CHICAGO (Reuters) - The long workweeks of doctors in training leave them so fatigued that their reaction times are comparable to someone who is slightly drunk, researchers said on Tuesday.

Resident doctors following a "heavy call" schedule that can require a 90-hour workweek performed more poorly on a driving simulation test than those on a "light call" rotation averaging 44 hours a week who then drank liquor until their blood alcohol level reached 0.05 percent, the study said.

Drivers with a 0.08 percent blood alcohol level are considered drunk.

The research echoes a previous study that found interns who worked heavy schedules made 50 percent more mistakes with patients and had 22 percent more serious errors on critical care units.

A survey of resident doctors also found that they were three times more likely than average to have been involved in a motor vehicle crash.

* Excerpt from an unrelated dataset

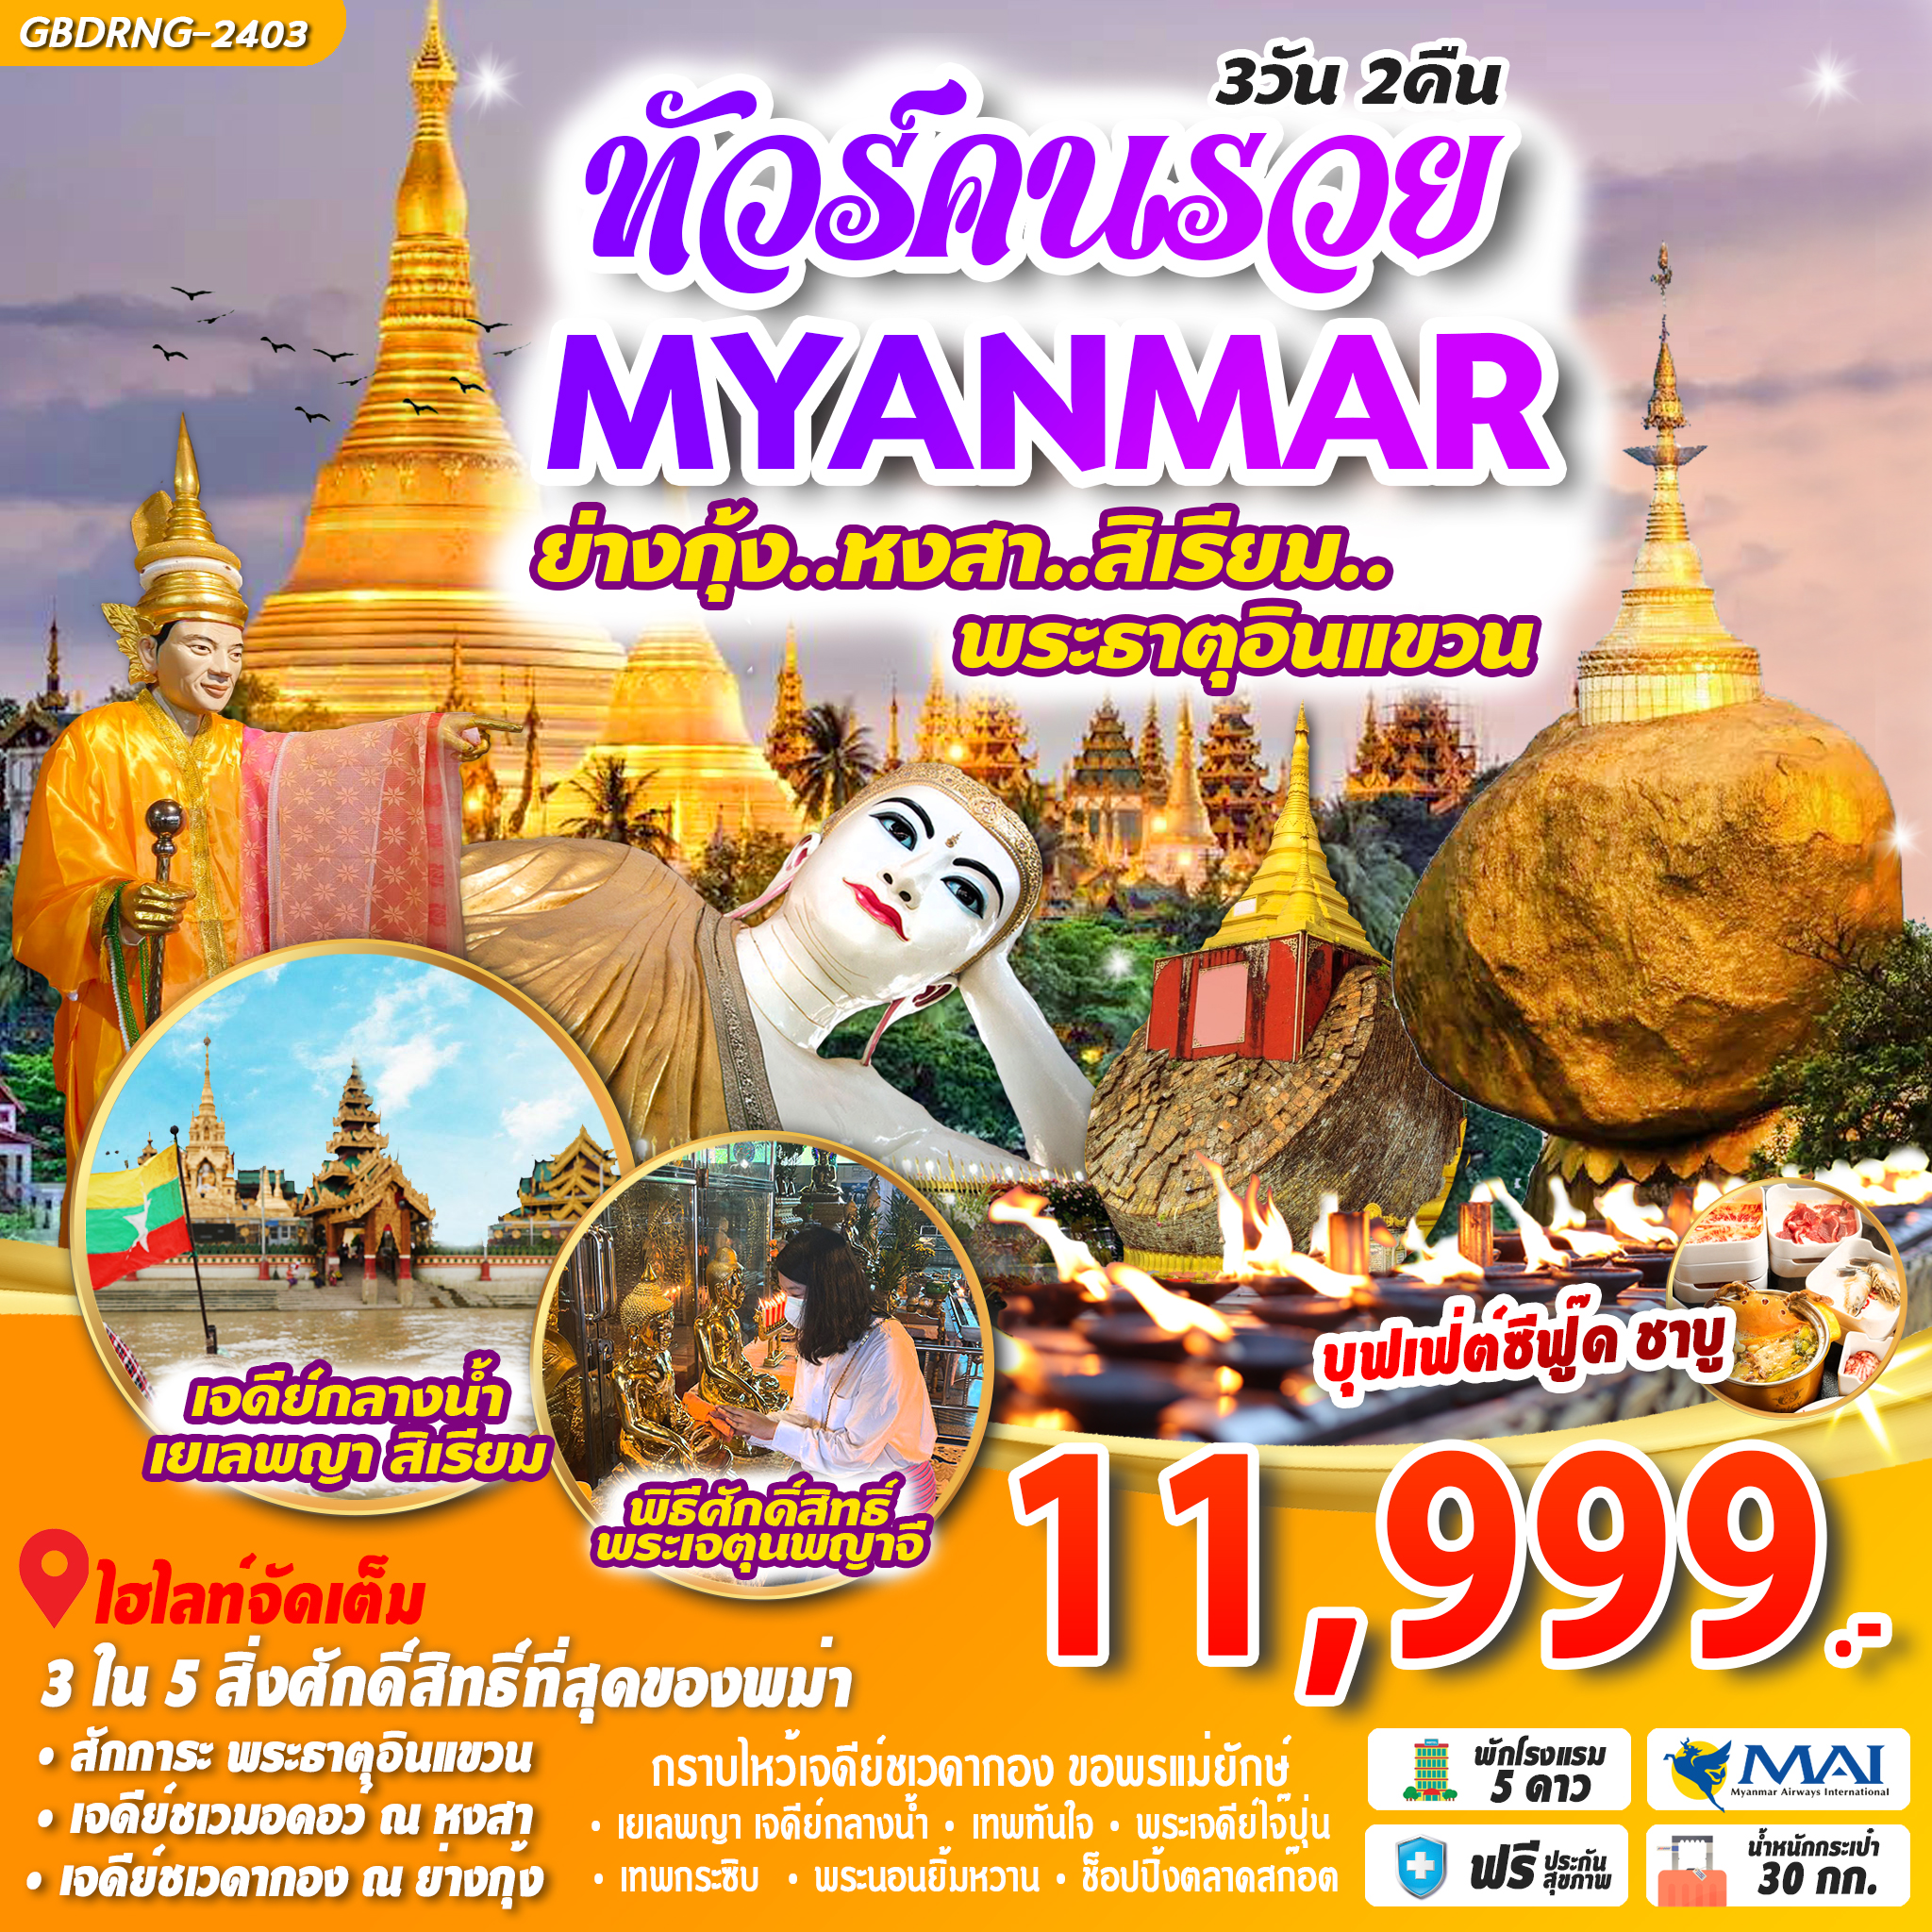 ทัวร์คนรวย MYANMAR ย่างกุ้ง หงสา สิเรียม พระธาตุอินแขวน 3D2N by 8M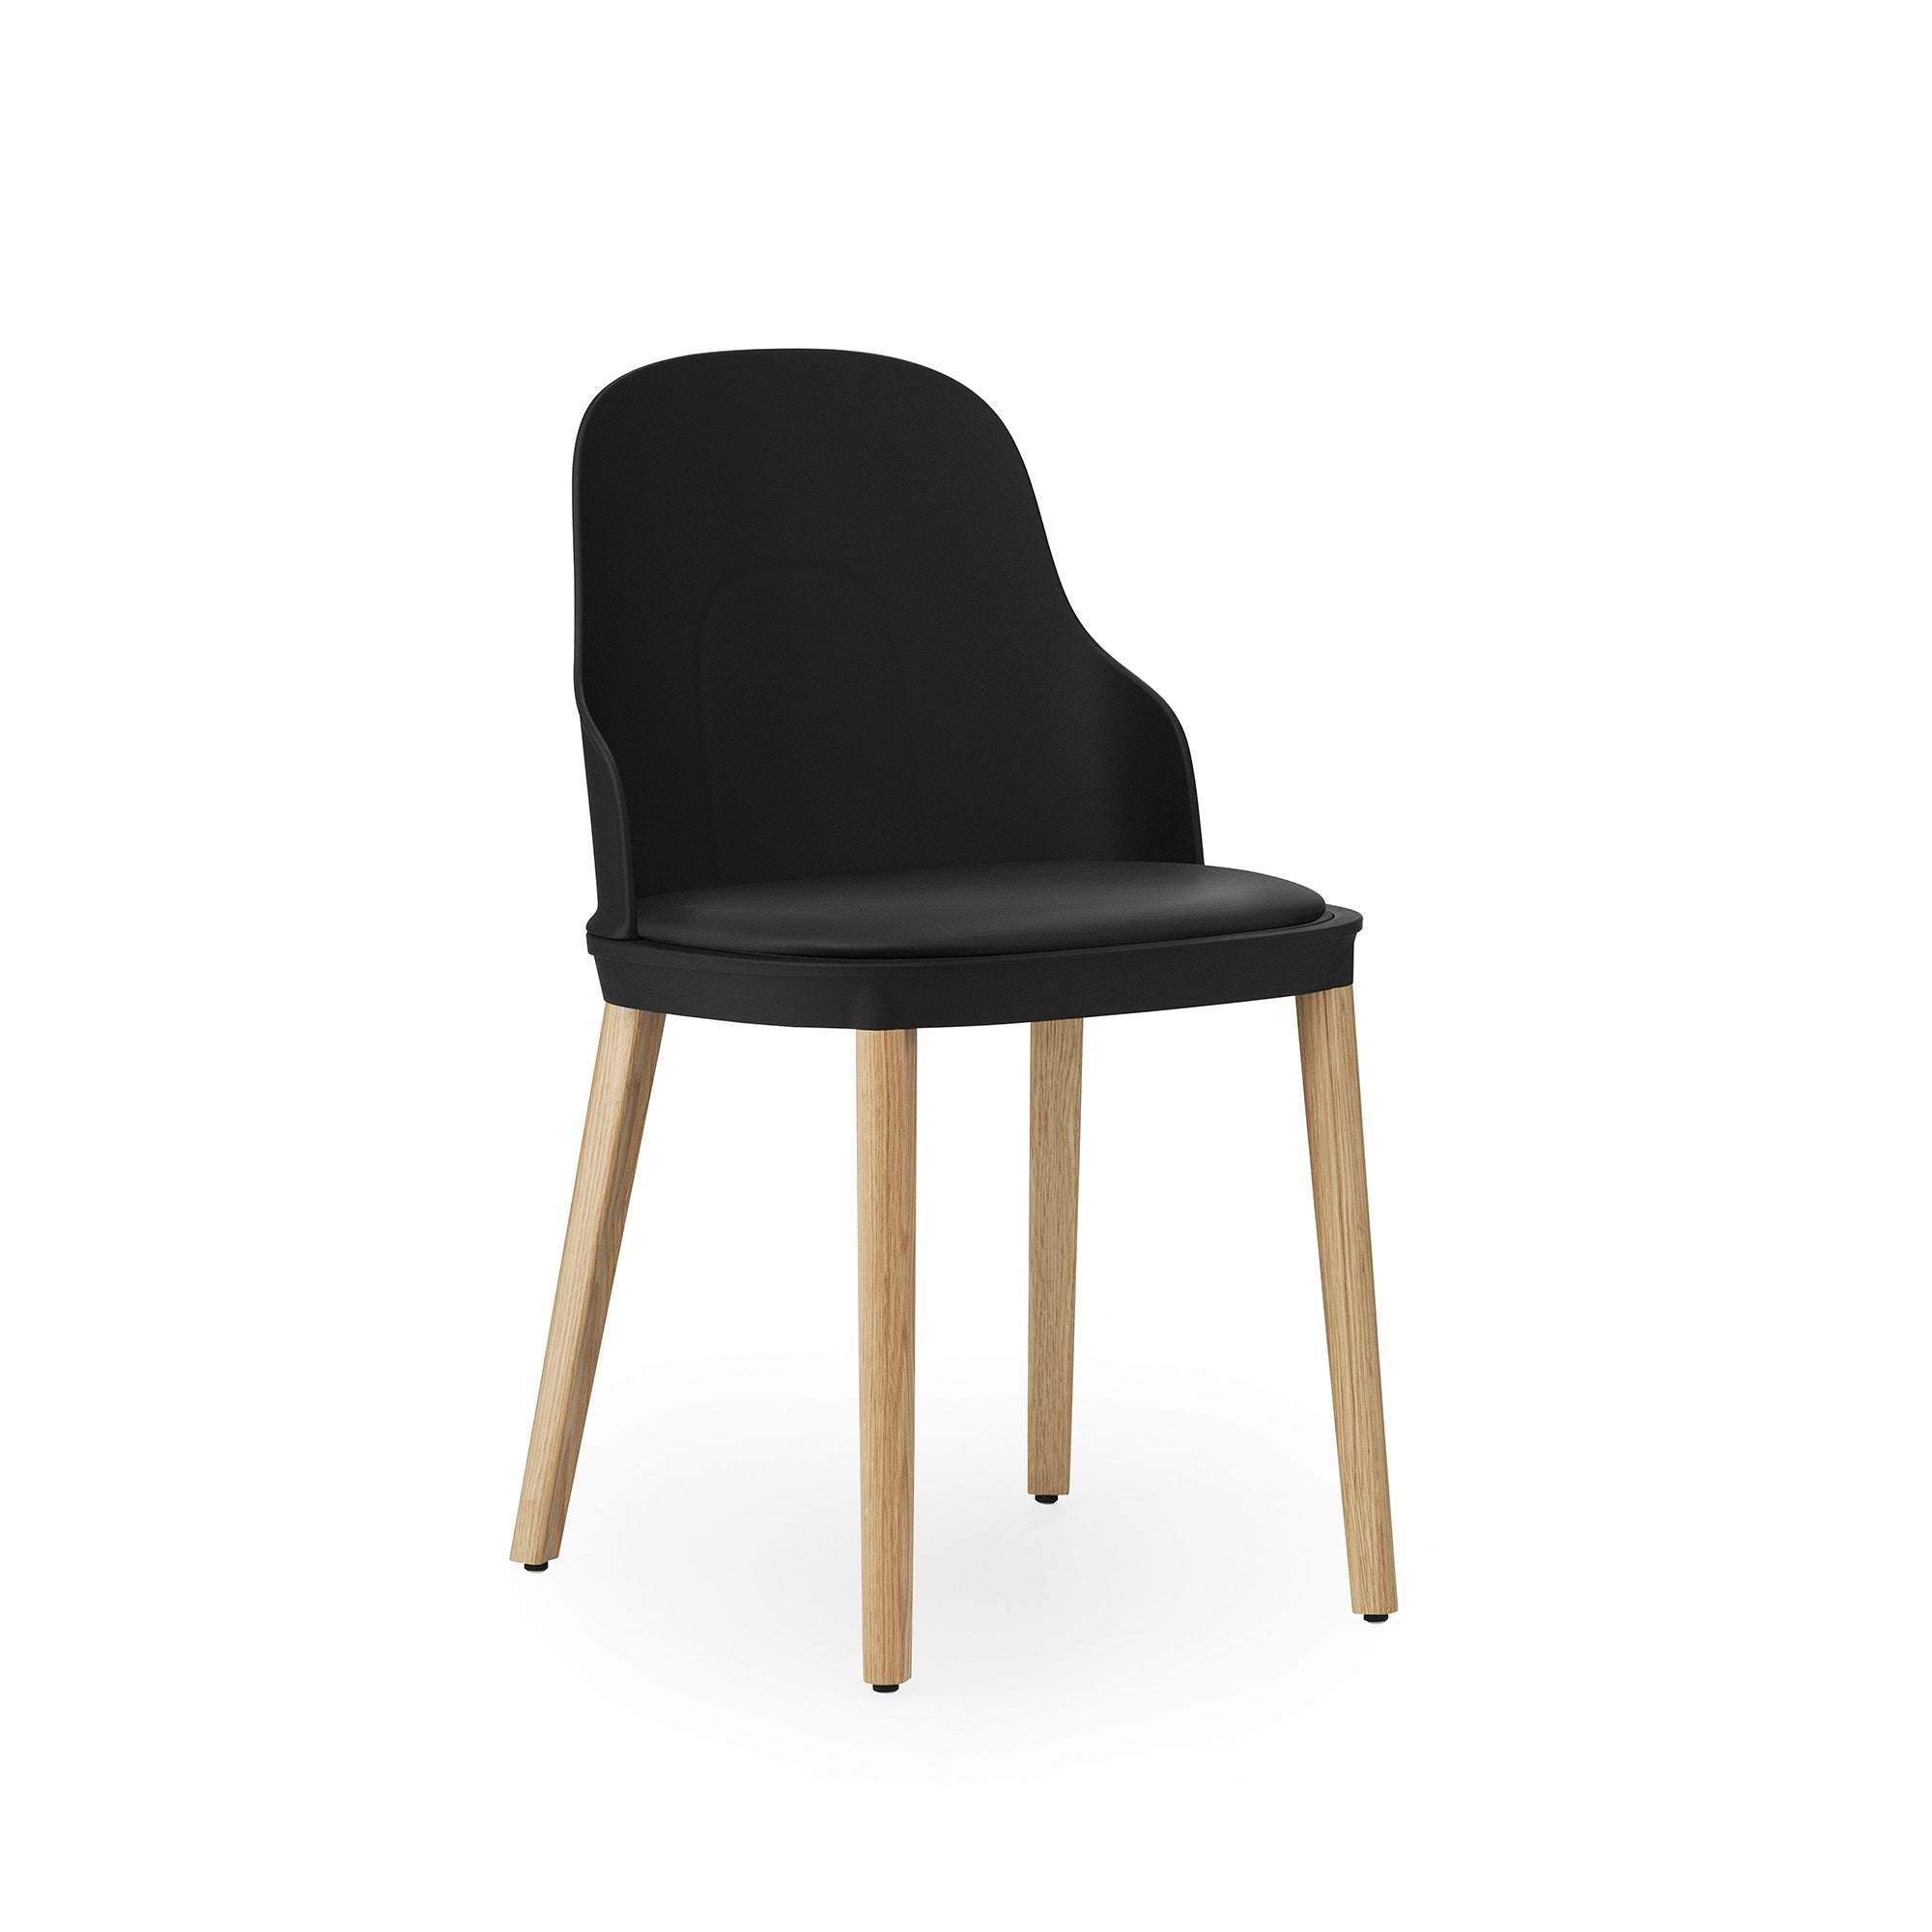 Allez Chair, scaun cu picioare din lemn și șezutul tapițat

New rules enacted in 2003 lowered the weekly work schedules for U.S. doctors-in-training to a maximum of 80 hours, the report said.

"Residents must be aware of post-call performance impairment and the potential risk to personal and patient safety," study author Todd Arnedt of the University of Michigan, Ann Arbor, wrote in this week's issue of the Journal of the American Medical Association.

"Because sleepy residents may have limited ability to recognize the degree to which they are impaired, residency programs should consider these risks when designing work schedules and develop risk management strategies for residents, such as considering alternative call schedules or providing post-call napping quarters," he wrote.